Unnamed: 0.1,Unnamed: 0,price,condition,district,max_floor,street,num_rooms,region,area,url,num_bathrooms,building_type,floor,ceiling_height
0,4598,100000.0,newly repaired,Arabkir,6,Kievyan St,3,Yerevan,96.0,http://www.myrealty.am/en/item/26229/3-senyaka...,1,stone,4,3.0
1,5940,52000.0,good,Arabkir,14,Mamikoniants St,3,Yerevan,78.0,http://www.myrealty.am/en/item/32897/3-senyaka...,1,panel,10,2.8
2,2302,52000.0,newly repaired,Qanaqer-Zeytun,9,M. Melikyan St,3,Yerevan,97.0,http://www.myrealty.am/en/item/1459/apartment-...,1,panel,1,2.8
3,5628,130000.0,good,Center,4,Spendiaryan St,3,Yerevan,80.0,http://www.myrealty.am/en/item/2099/3-senyakan...,1,stone,2,3.2
4,760,81600.0,zero condition,Center,9,Ler. Kamsar St,3,Yerevan,107.0,http://www.myrealty.am/en/item/22722/3-senyaka...,1,monolit,9,3.0


In [234]:
from sklearn.preprocessing import OneHotEncoder, MinMaxScaler
from sklearn.model_selection import train_test_split, cross_val_score, GridSearchCV
from sklearn.metrics import mean_squared_error
import pickle

# Preprocessing

In [142]:
X = df[df.columns.difference(['Unnamed: 0', 'region', 'url', 'price'])]
y = df['price']

In [143]:
X.head()

Unnamed: 0,area,building_type,ceiling_height,condition,district,floor,max_floor,num_bathrooms,num_rooms,street
0,75.0,stone,3.0,newly repaired,Arabkir,3,5,1,2,Mamikoniants St
1,139.0,stone,2.8,newly repaired,Arabkir,1,5,1,3,Sundukyan St
2,80.0,stone,2.6,good,Erebuni,3,5,1,3,Tigran Mets Ավե (Erebuni)
3,90.0,panel,2.6,good,Nor Norq,6,9,1,4,Vilnyus St
4,86.0,other,2.8,good,Achapnyak,3,5,1,3,Halabyan St


In [271]:
X_train, X_val, y_train, y_val = train_test_split(X, y, test_size=0.05, random_state=11)

In [272]:
cat_columns = X_train.select_dtypes(include=['object']).columns

In [None]:
ohe = OneHotEncoder(handle_unknown='ignore', sparse=False)
ohe.fit(X_train[list(cat_columns)])
X_train[ohe.get_feature_names_out()] = ohe.transform(X_train[list(cat_columns)])
X_val[ohe.get_feature_names_out()] = ohe.transform(X_val[list(cat_columns)])

X_train.drop(cat_columns, axis=1, inplace=True)
X_val.drop(cat_columns, axis=1, inplace=True)

# this warning means that we are adding a lot of columns by hand, and it suggests to join dataframes instead.
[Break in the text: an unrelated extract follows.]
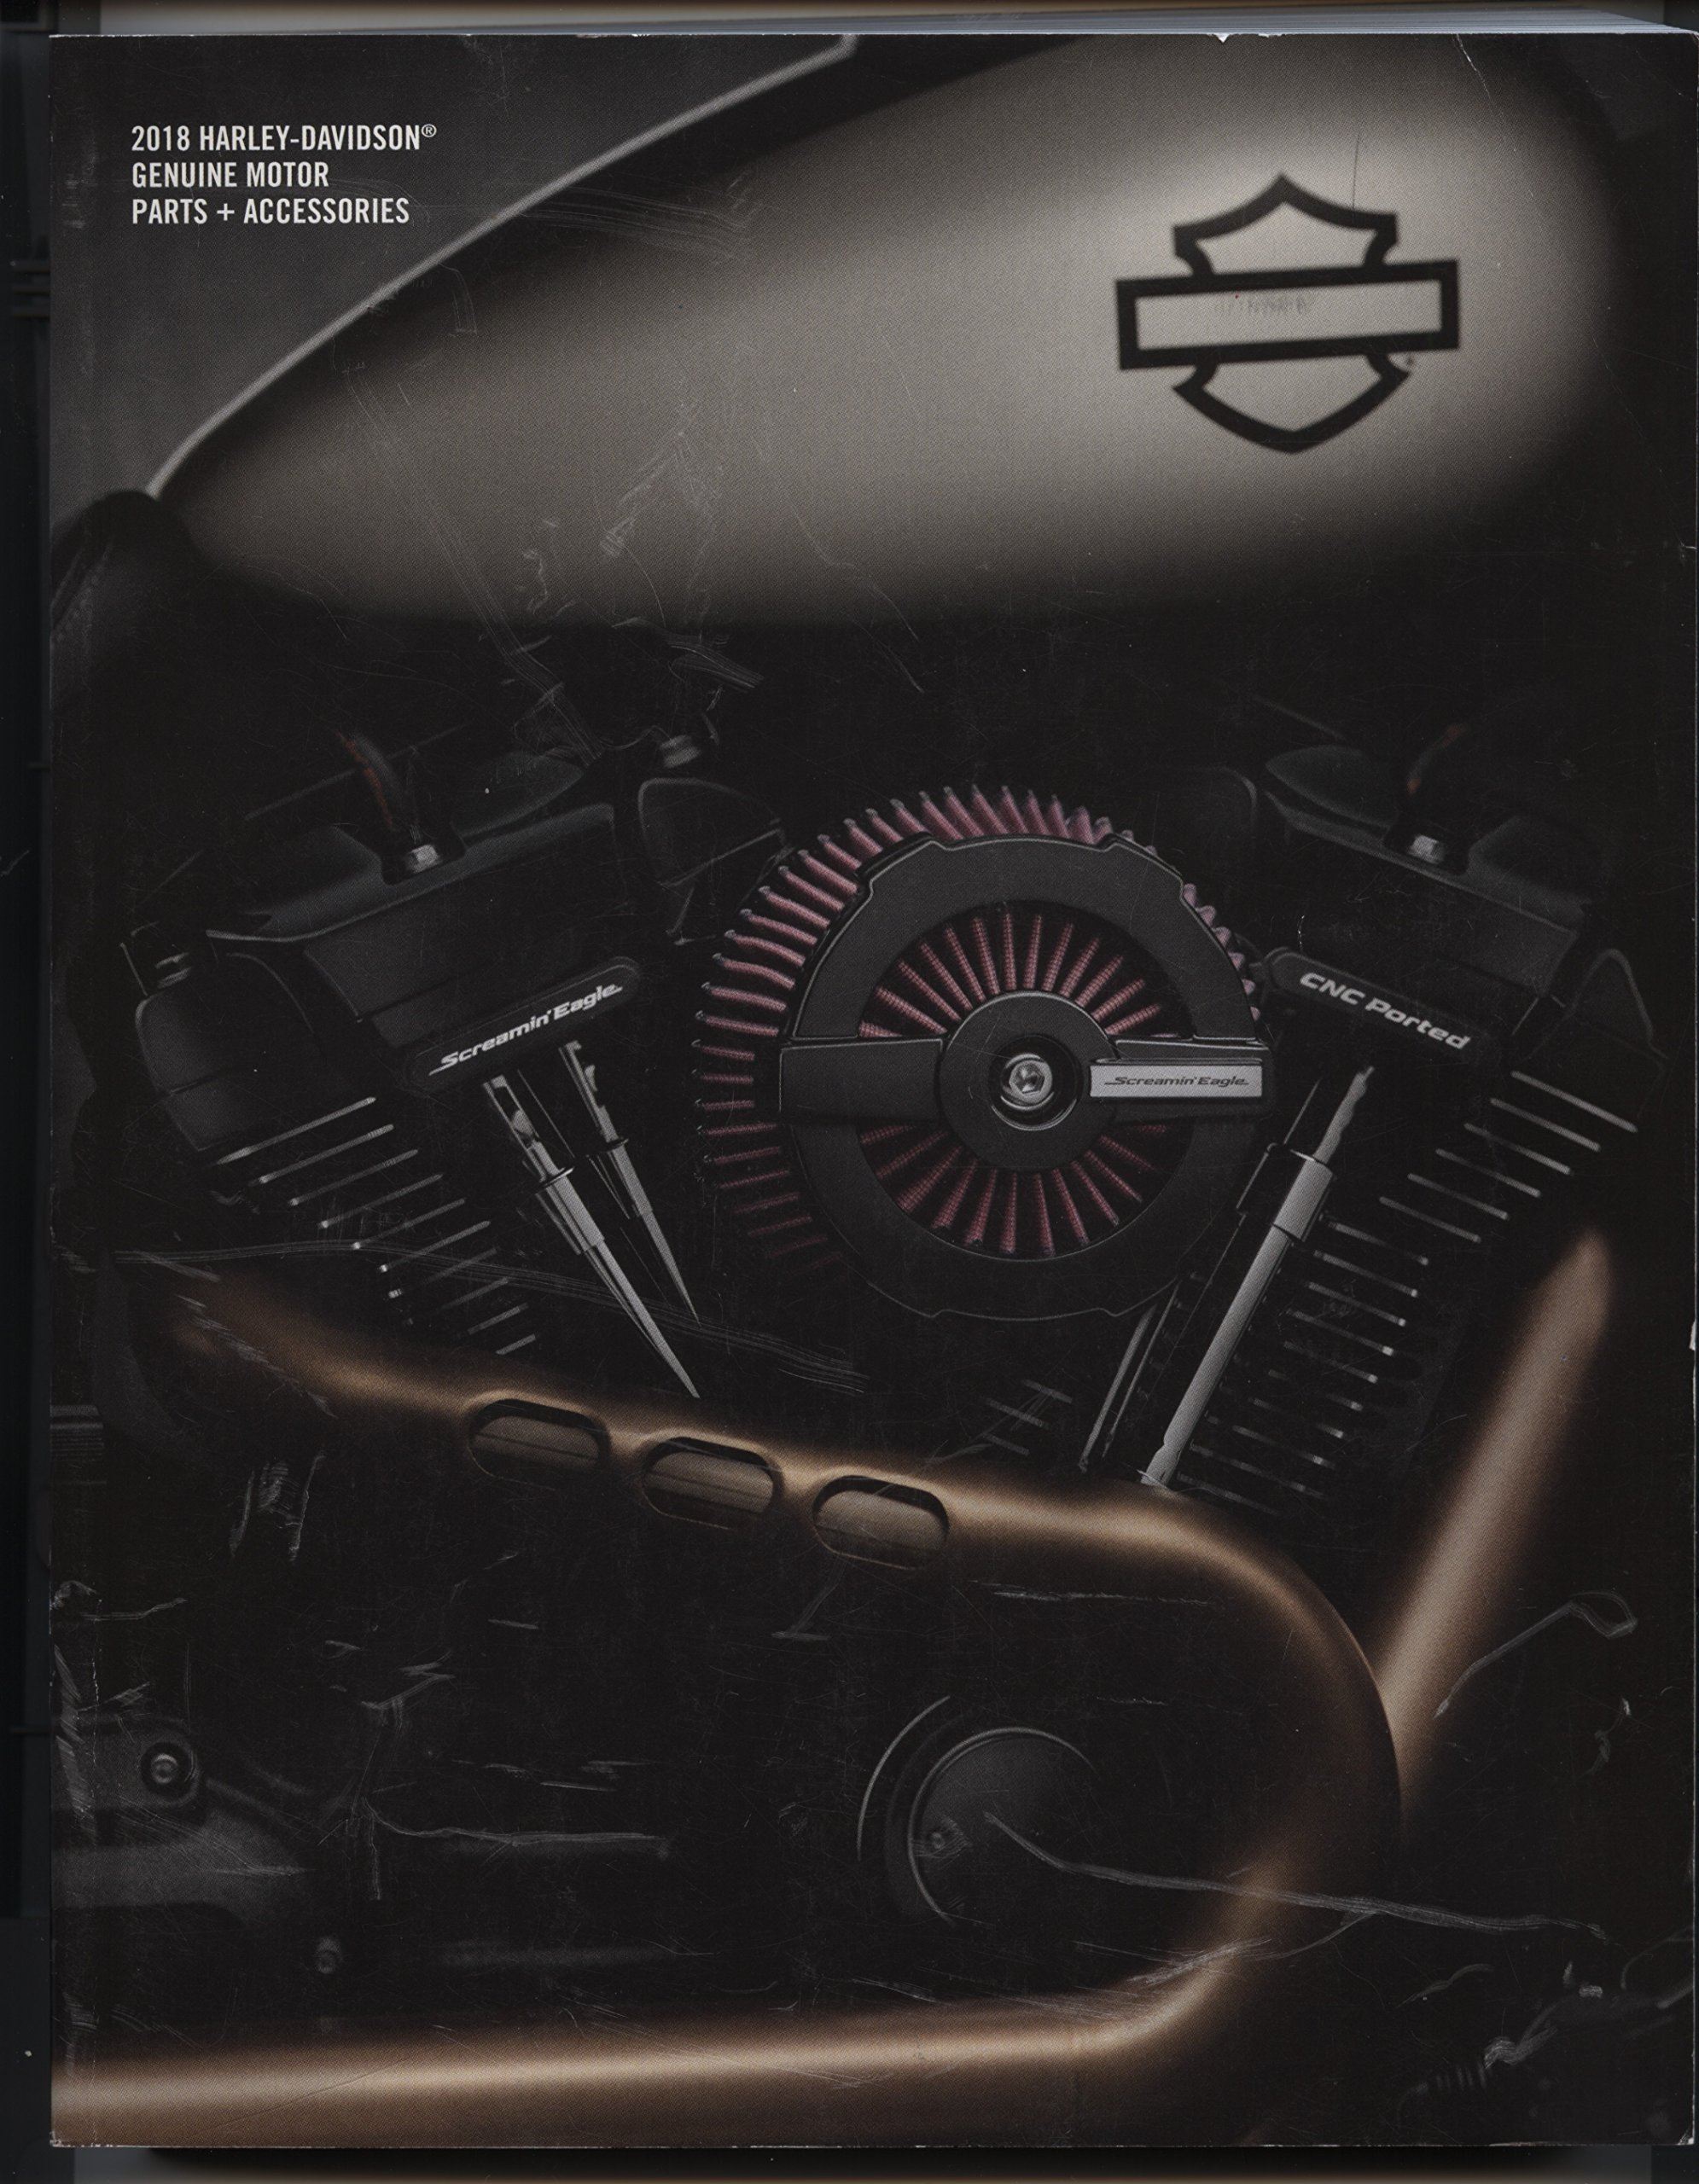 be266eaee7 2018 Harley-Davidson Genuine Motor Parts + Accessories Paperback – January  1, 2017

We can skip this warning for now.

In [275]:
scaler = MinMaxScaler()
scaler.fit(X_train)

X_train = scaler.transform(X_train)
X_val = scaler.transform(X_val)

MinMaxScaler()

# KNN

In [277]:
from sklearn.neighbors import KNeighborsRegressor
knn = KNeighborsRegressor()
gs = GridSearchCV(knn, {'n_neighbors':range(1,10), 'weights':['uniform', 'distance'], 'p':[1,2]})
gs.fit(X_train, y_train)

GridSearchCV(estimator=KNeighborsRegressor(),
             param_grid={'n_neighbors': range(1, 10), 'p': [1, 2],
                         'weights': ['uniform', 'distance']})

In [278]:
gs.best_estimator_

KNeighborsRegressor(n_neighbors=8, p=1, weights='distance')

In [279]:
cross_val_score(gs.best_estimator_, X_train, y_train).mean()

0.6580675087637411

# Ridge

In [280]:
from sklearn.linear_model import Ridge
r = Ridge()
gs = GridSearchCV(r, {'alpha': [0.9, 0.95, 1, 2]})
gs.fit(X_train, y_train)

GridSearchCV(estimator=Ridge(), param_grid={'alpha': [0.9, 0.95, 1, 2]})

In [281]:
gs.best_estimator_

Ridge(alpha=2)

In [282]:
cross_val_score(gs.best_estimator_, X_train, y_train).mean()

0.7410511039217285

In [None]:
# We see that Ridge has a better result, so we choose it

In [283]:
gs.best_estimator_.score(X_val, y_val)

0.8082483165047498

In [284]:
y_pred = gs.best_estimator_.predict(X_val)

In [None]:
# Lets save models and preprocessors to use for the final prediction

In [None]:
pickle.dump(gs.best_estimator_, open('ridge.sav', 'wb'))
pickle.dump(ohe, open('ohe.sav', 'wb'))
pickle.dump(scaler, open('scaler.sav', 'wb'))

In [303]:
# We can also make a pipeline, to do all the steps in once (we will not use it as a final model here)

In [260]:
from sklearn.pipeline import make_pipeline
pl = make_pipeline(MinMaxScaler(), Ridge(alpha=2))
X_train_num = X_train.select_dtypes(exclude=['object'])
pl.fit(X_train_num, y_train)
pl.score(X_train_num, y_train)

In [295]:
def final_predict(final_test_df):
    # loading saved model and preprocessors
    loaded_model = pickle.load(open('ridge.sav', 'rb'))
    ohe = pickle.load(open('ohe.sav', 'rb'))
    scaler = pickle.load(open('scaler.sav', 'rb'))
    
    X_test = final_test_df[final_test_df.columns.difference(['Unnamed: 0', 'region', 'url'])]
    cat_columns = X_test.select_dtypes(include=['object']).columns
    X_test[ohe.get_feature_names_out()] = ohe.transform(X_test[list(cat_columns)])
    X_test.drop(cat_columns, axis=1, inplace=True)
    X_test = scaler.transform(X_test)
    return loaded_model.predict(X_test)

In [296]:
df_test = pd.read_csv('houses_test.csv')
y_test_pred = final_predict(df_test.drop('price', axis=1))
mean_squared_error(y_test_pred, df_test['price'], squared=False)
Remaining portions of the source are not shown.